Updated: Jul 2, 2019
Imagine a little girl of about 7 or 8 years sitting outside a restaurant with a handful of balloons trying to convince people to buy them for a mere 30 cents. My family and I were sitting in chairs waiting outside the restaurant for our reservation when the little girl and I made eye contact. She was begging me to convince my mom or dad to buy a balloon. Regardless, I didn't know what to do and our name was called.
After dinner, the little girl came up to us and asked if we could buy her a roti (a common type of Indian flatbread). My heart just hurt so bad for her after that because not only did she need money, she was truly hungry. My mom always says that she wants to help all these people on the streets, especially children, but doesn't know what they will do with the money, which is a fair point. But, this little girl needed money for a meal which i'm guessing she hadn't had for a while. We tried to explain that we came from a restaurant where you couldn't buy bread like a grocery store. We wished that we had some leftovers that we could give her, but we didn't.
Eventually, my mom decided to buy a 20 rupee balloon (30 cents approximately), but didn't have exact change so just decided to give her a 50 note. I will never forget the look of pure gratitude and happiness on her face that night. This sweet girl had such wonderful manners despite the difficult circumstances she was in that she even asked me if I wanted another balloon, since we essentially paid for 2. I told her no thank you, please go use it to buy dinner. She again smiled at me and said thank you.
When we were walking towards the car my mom said, "We could've just given her the balloon back so that she could sell it to someone else and make some more money". I was like that's a smart idea, so I ran back to where she was sitting and told her exactly what my mom had told me. She was, again, so grateful and I felt like my family and I had done something that would make her life a little bit easier for the night.
Despite the significance these random acts of kindness can have, these occurrences do not get at the root of the problem nor does giving money improve the situation of people on the streets long term. Organizations (NGOs as many are called in India) work towards tackling problems head on, whether it is poverty, specifically child poverty as described here, or other major issues like climate change, gender inequality, safety, etc.... These NGOs/ charitable foundations, specifically ones that work on the issue of child poverty, rely on government funds and/or donations in order to house, feed, and educate children whose parents either cannot take care of them, would need them to work instead of going to school, or for children who don't have parents at all.

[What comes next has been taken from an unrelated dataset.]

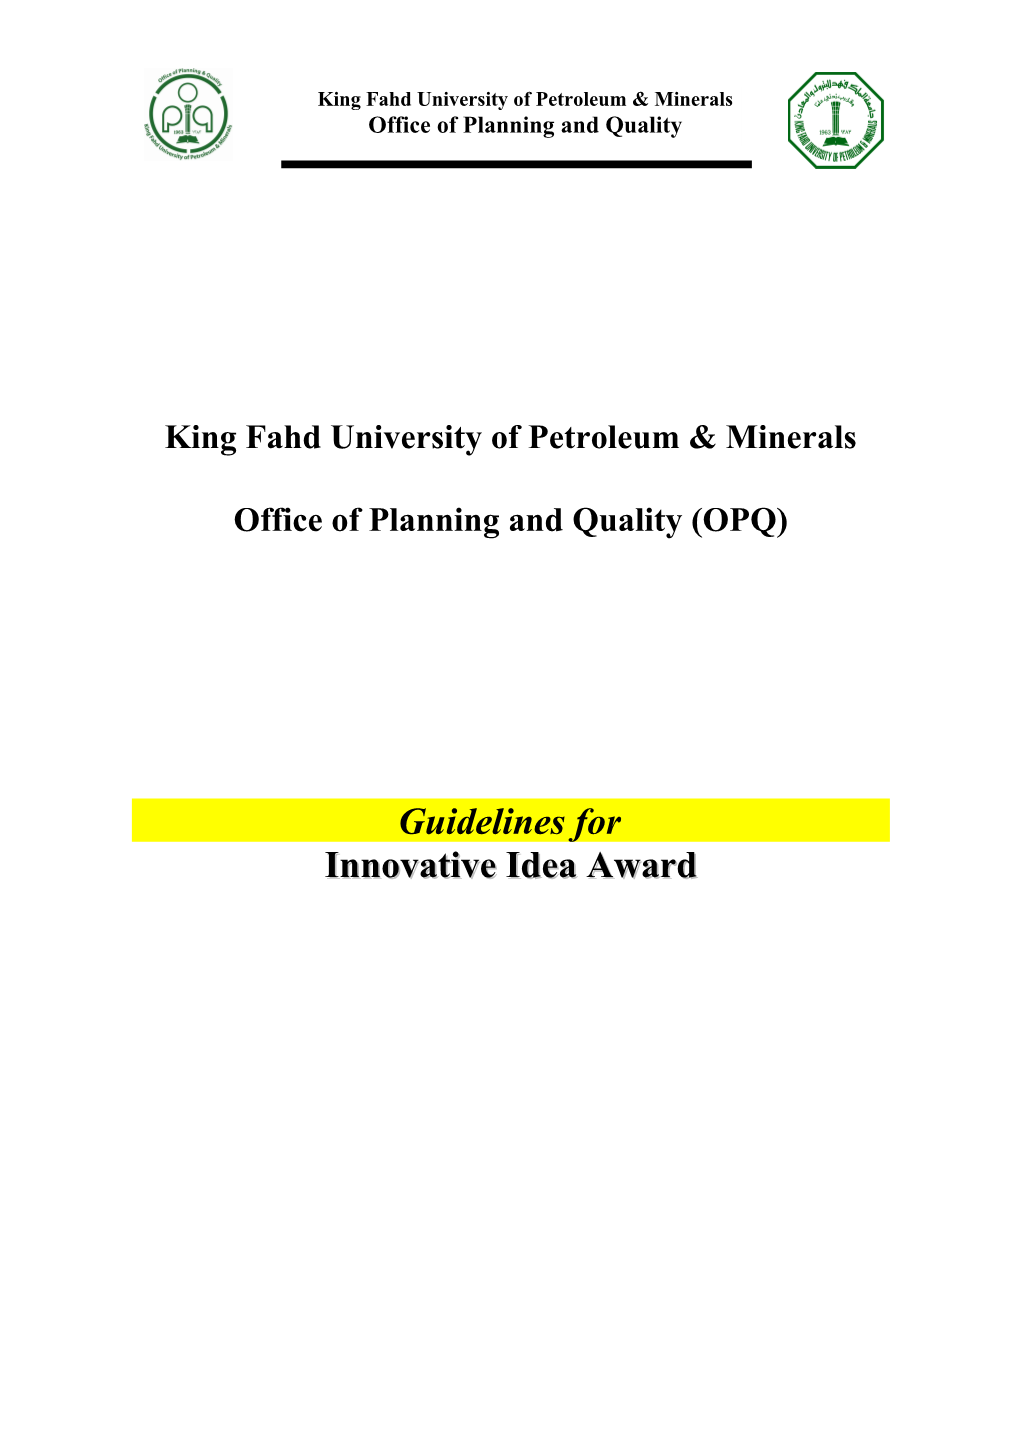 Guidelines for Innovative Idea Award

Taking care of these basic needs allow them to focus on school, build strong relationships, and eventually, to be self sufficient and successful adults.
I visited an organization like this called Aanchal while I was in Jaipur where a lady named Seema rents out a room and houses 32 orphan girls between the ages of 4-14, simply out of the goodness of her heart. She pays the rent, gives them food, and pays for their education because she truly wants to help reduce the number of impoverished children on the streets of India by giving them the opportunity to attain a good education. It was such an eye opening and fun experience and I was surprised to learn that despite living on opposite sides of the world and growing up in completely different circumstances, we had a lot in common. I think that the world is so lucky to have self-less people in the world like her who want to help the less fortunate because it's the right thing to do.